*** Opening DATA SUPPLIED ***

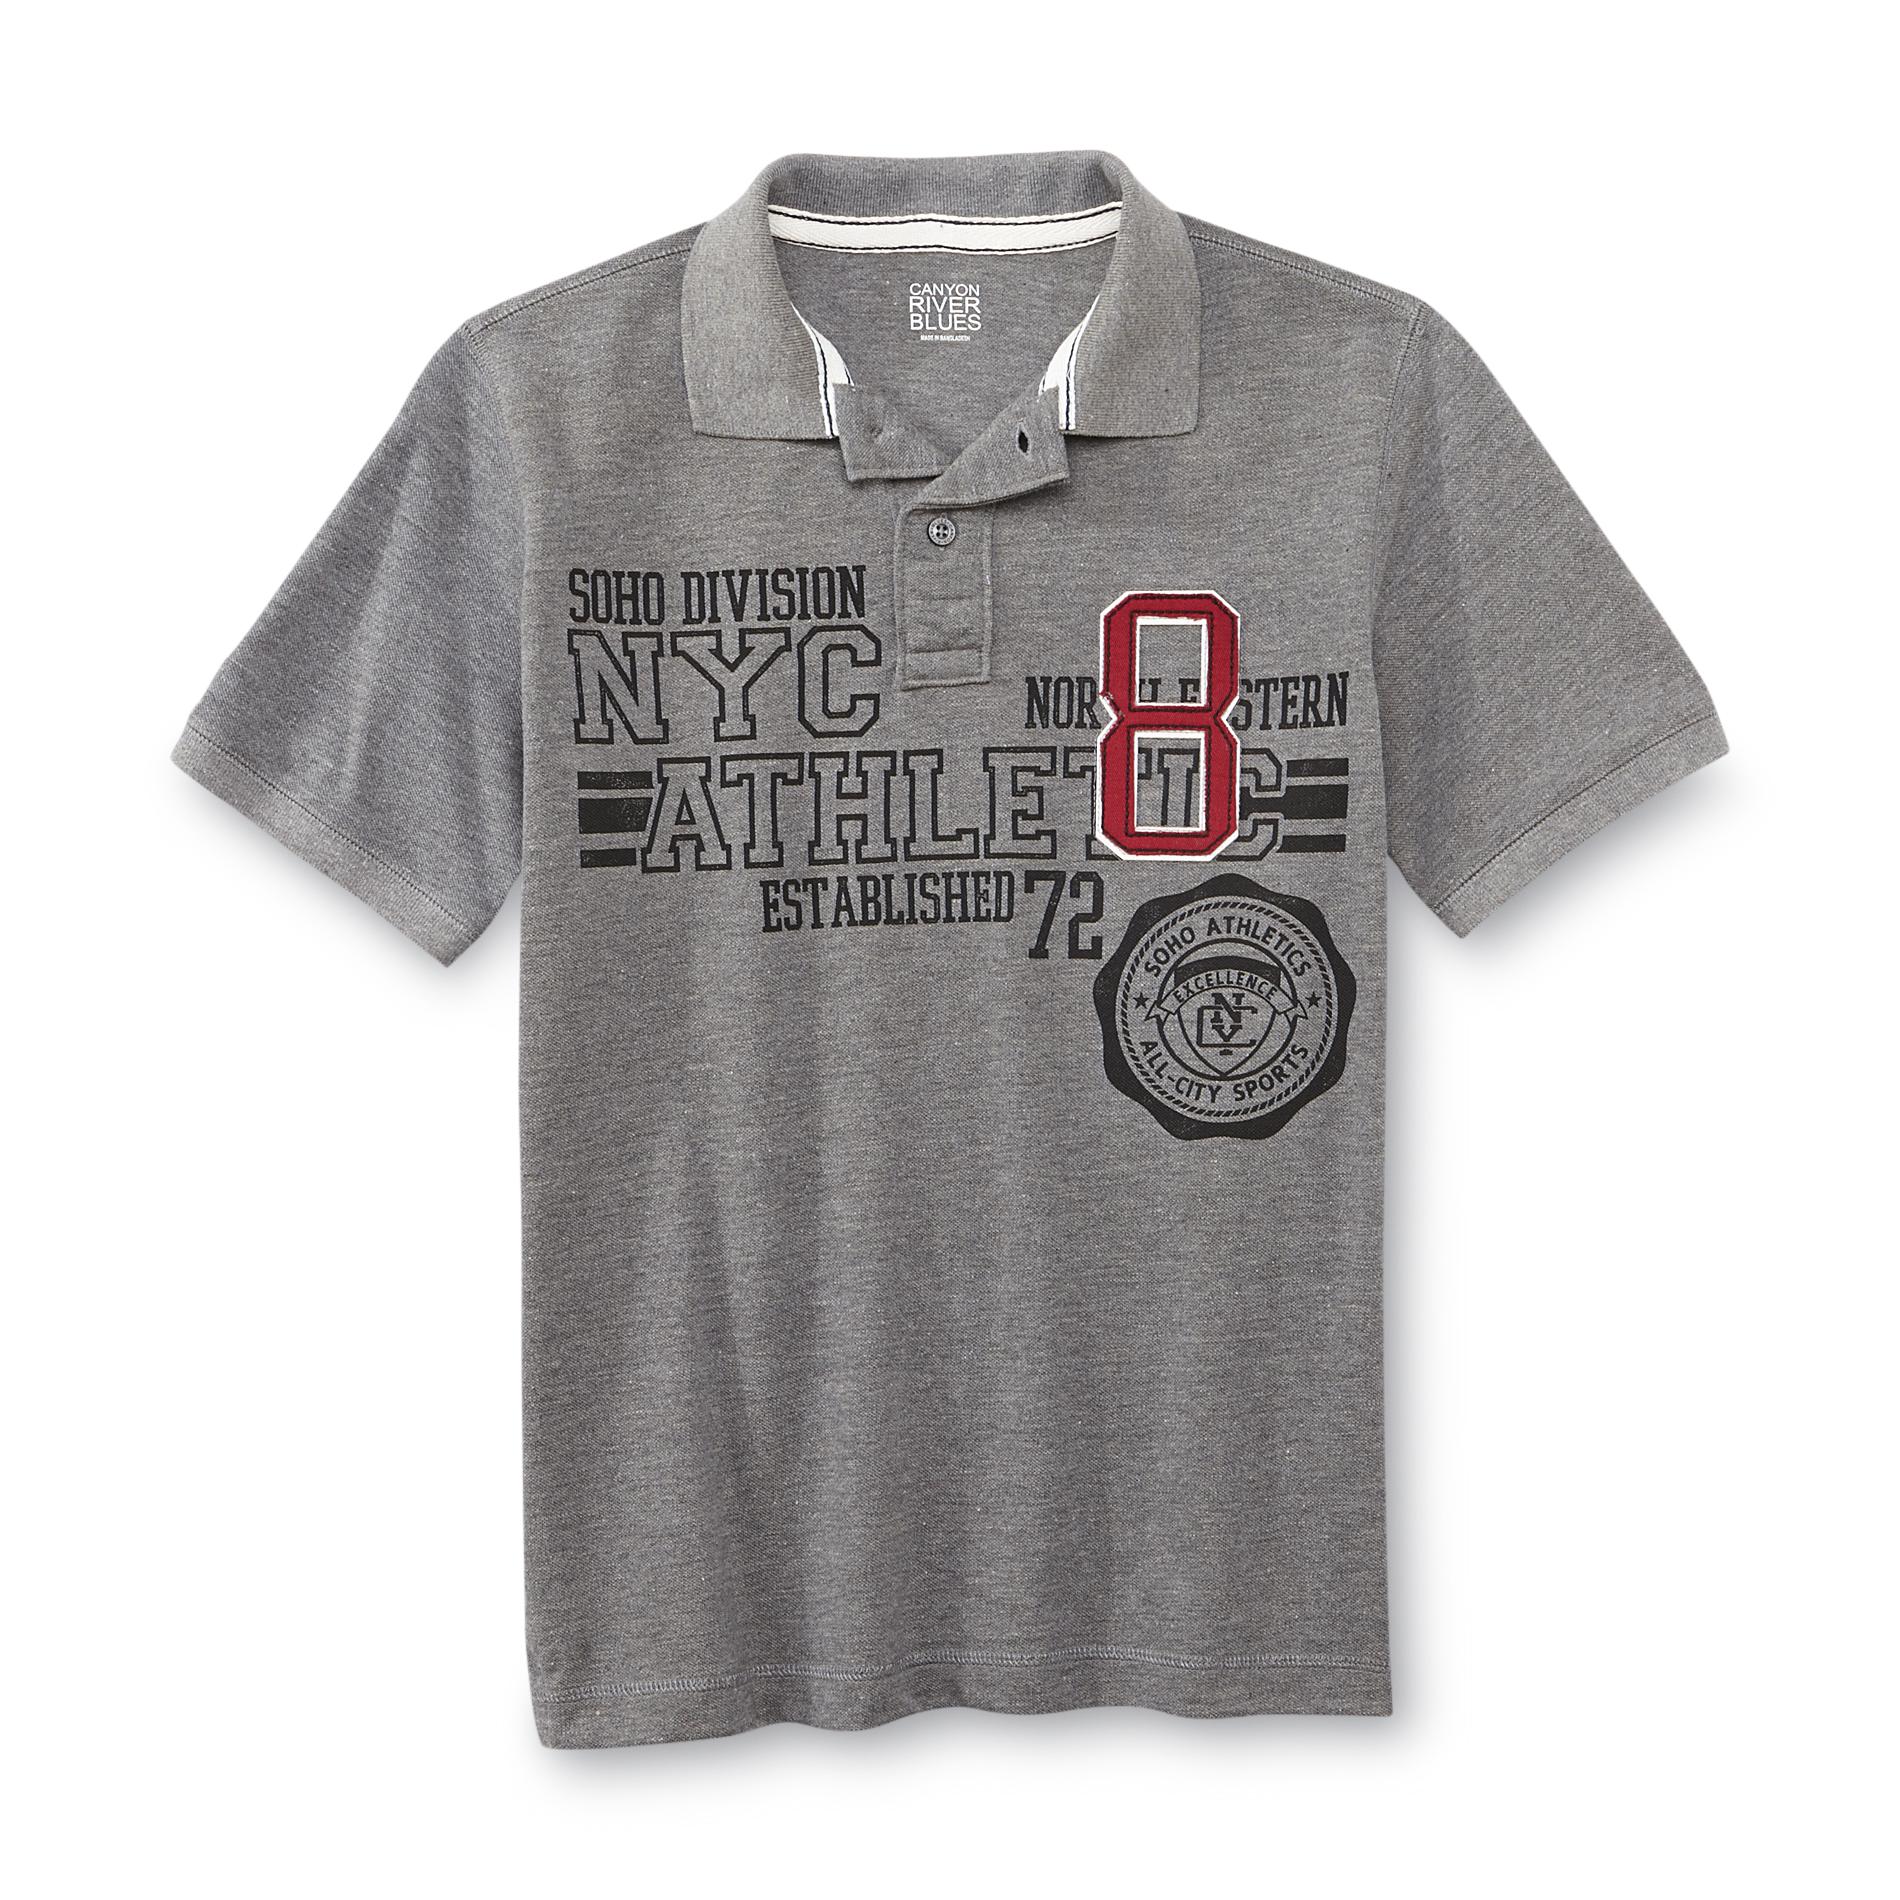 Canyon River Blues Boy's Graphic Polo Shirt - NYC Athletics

*** Closing DATA SUPPLIED ***
*** Opening DATA SUPPLIED ***

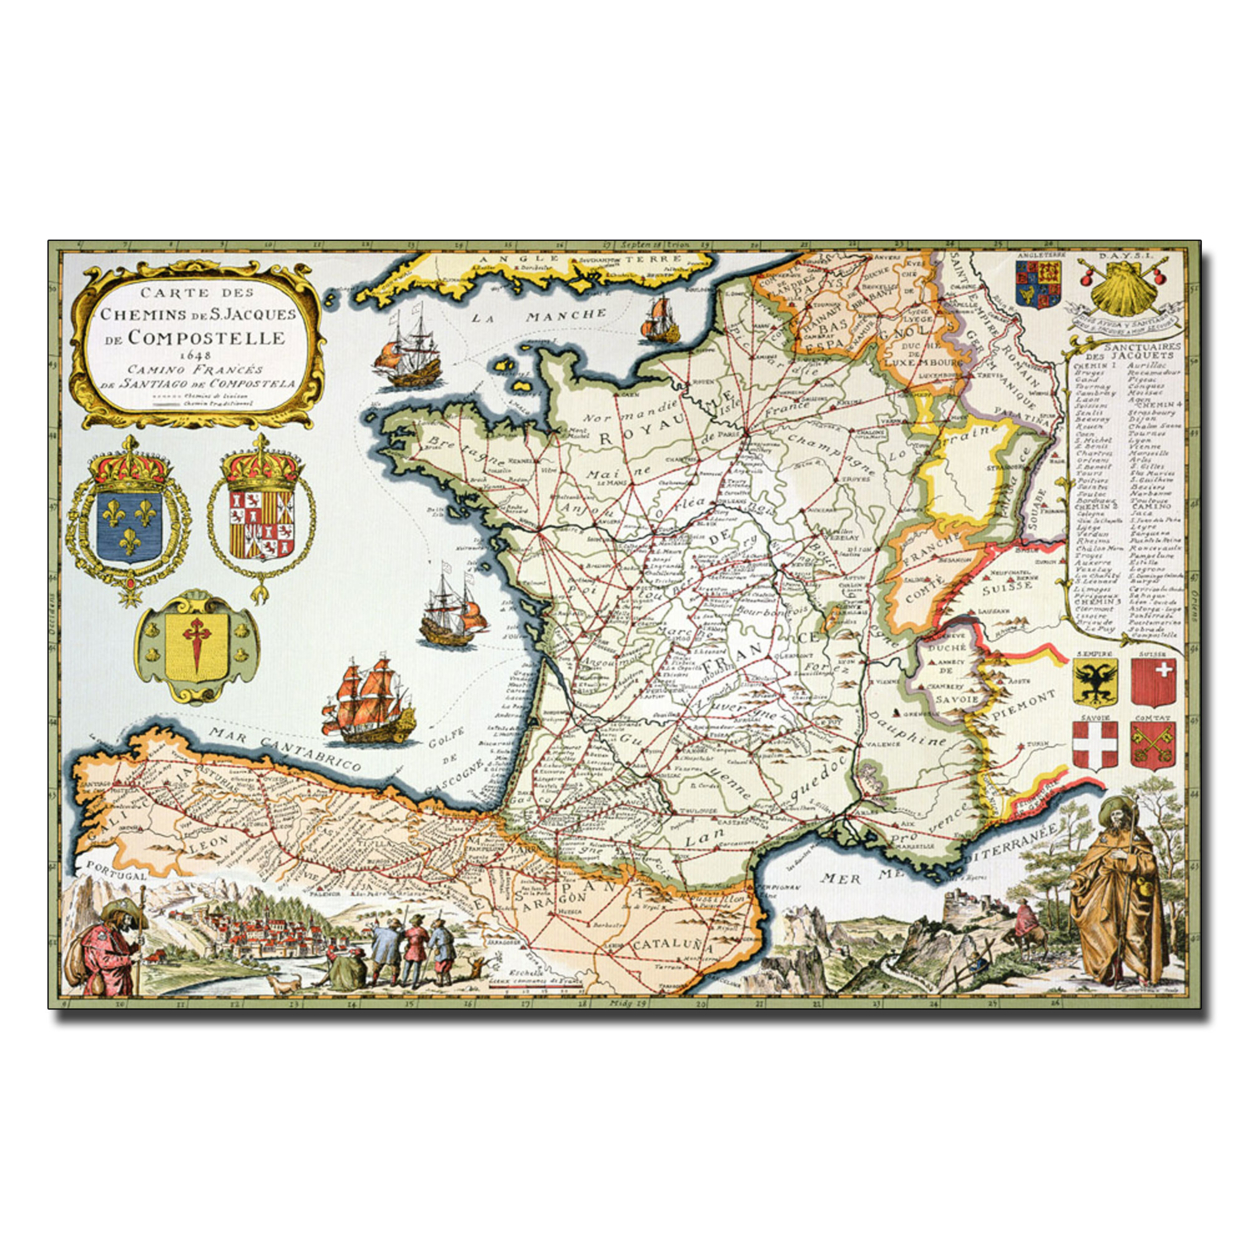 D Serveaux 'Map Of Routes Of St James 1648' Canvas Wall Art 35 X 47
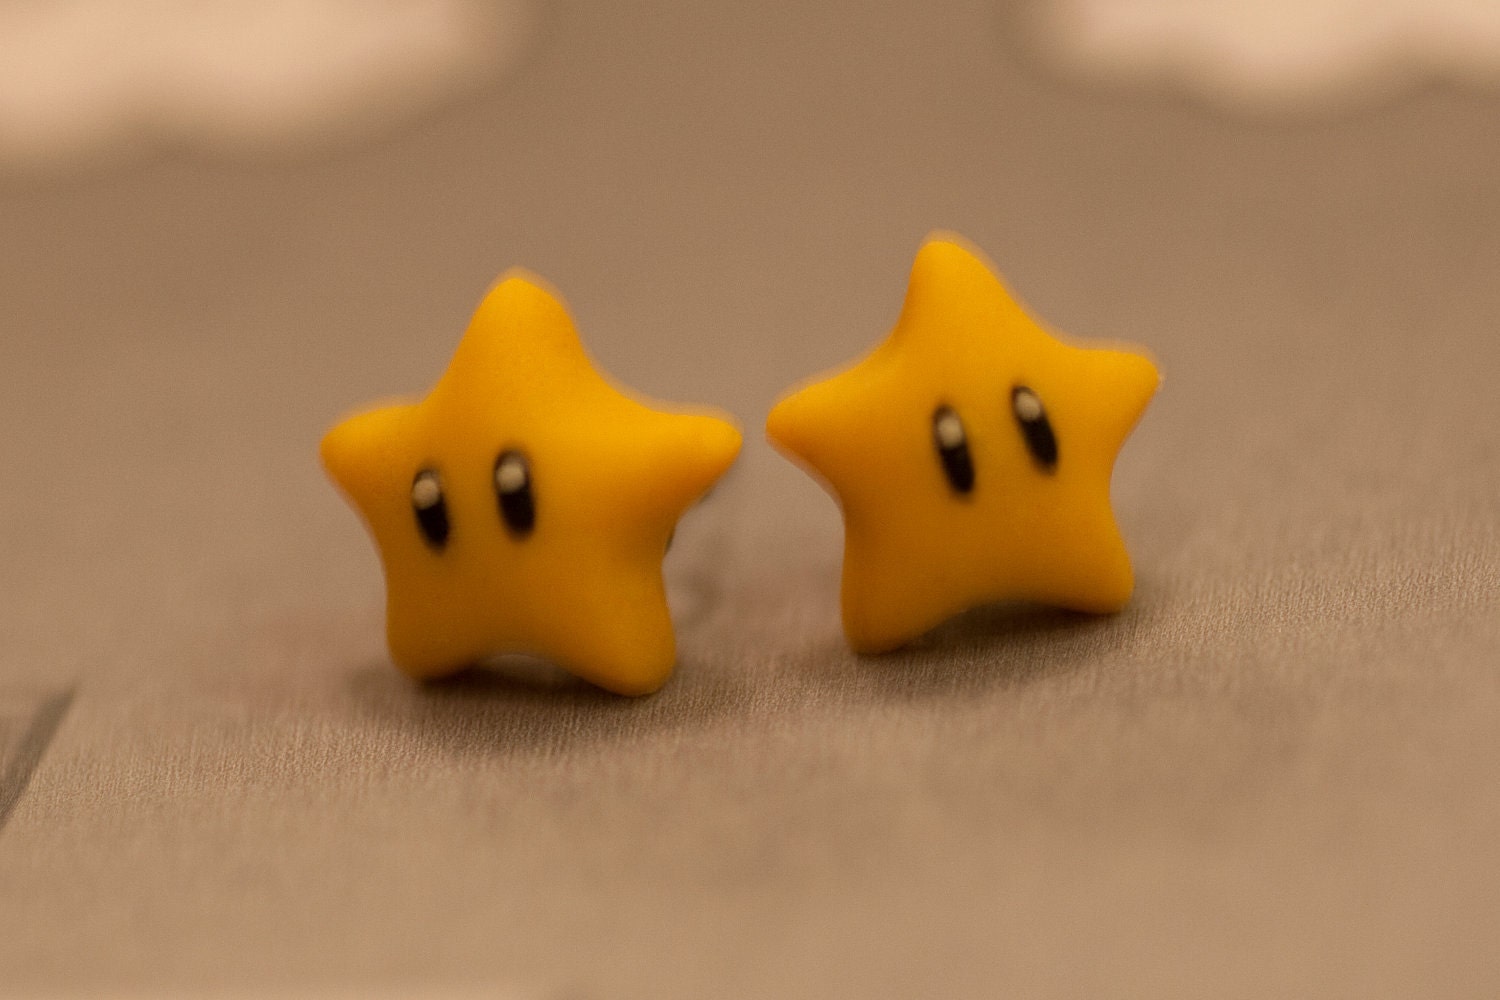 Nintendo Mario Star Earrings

*** Closing DATA SUPPLIED ***
*** Opening DATA SUPPLIED ***

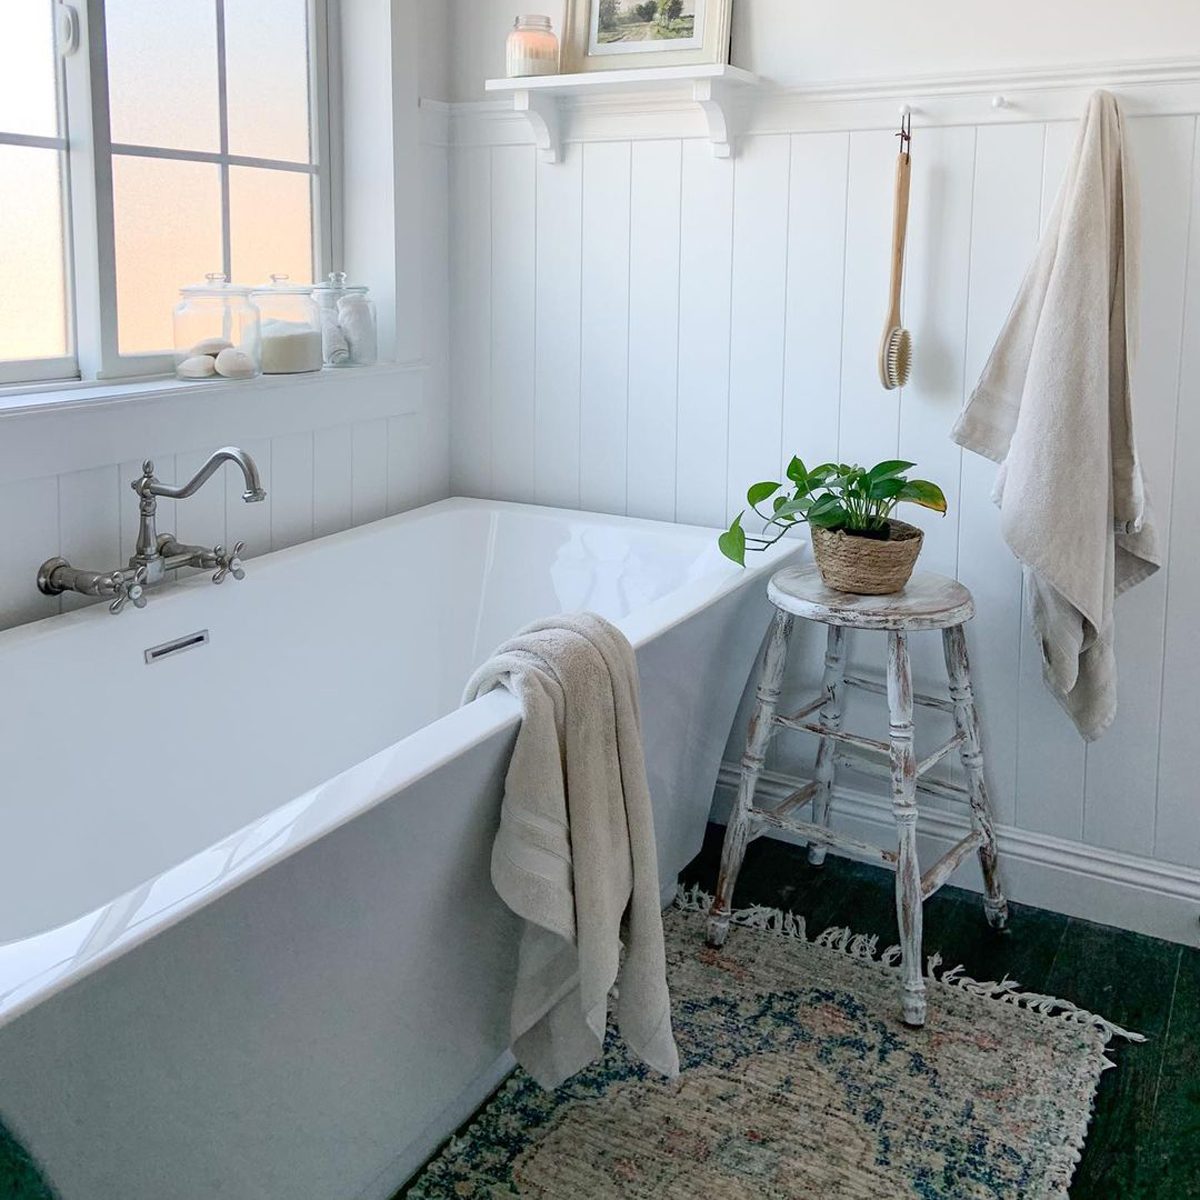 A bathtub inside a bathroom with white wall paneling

*** Closing DATA SUPPLIED ***

▶ **TASK DIRECTIONS**
In the listing above, find the line containing "D Serveaux 'Map" and the line containing "Nintendo Mario Star Earrings", then print exactly those two lines and every line between them, minus the pictures.

▶ **SOLUTION TO THIS TASK**
 D Serveaux 'Map Of Routes Of St James 1648' Canvas Wall Art 35 X 47
 Nintendo Mario Star Earrings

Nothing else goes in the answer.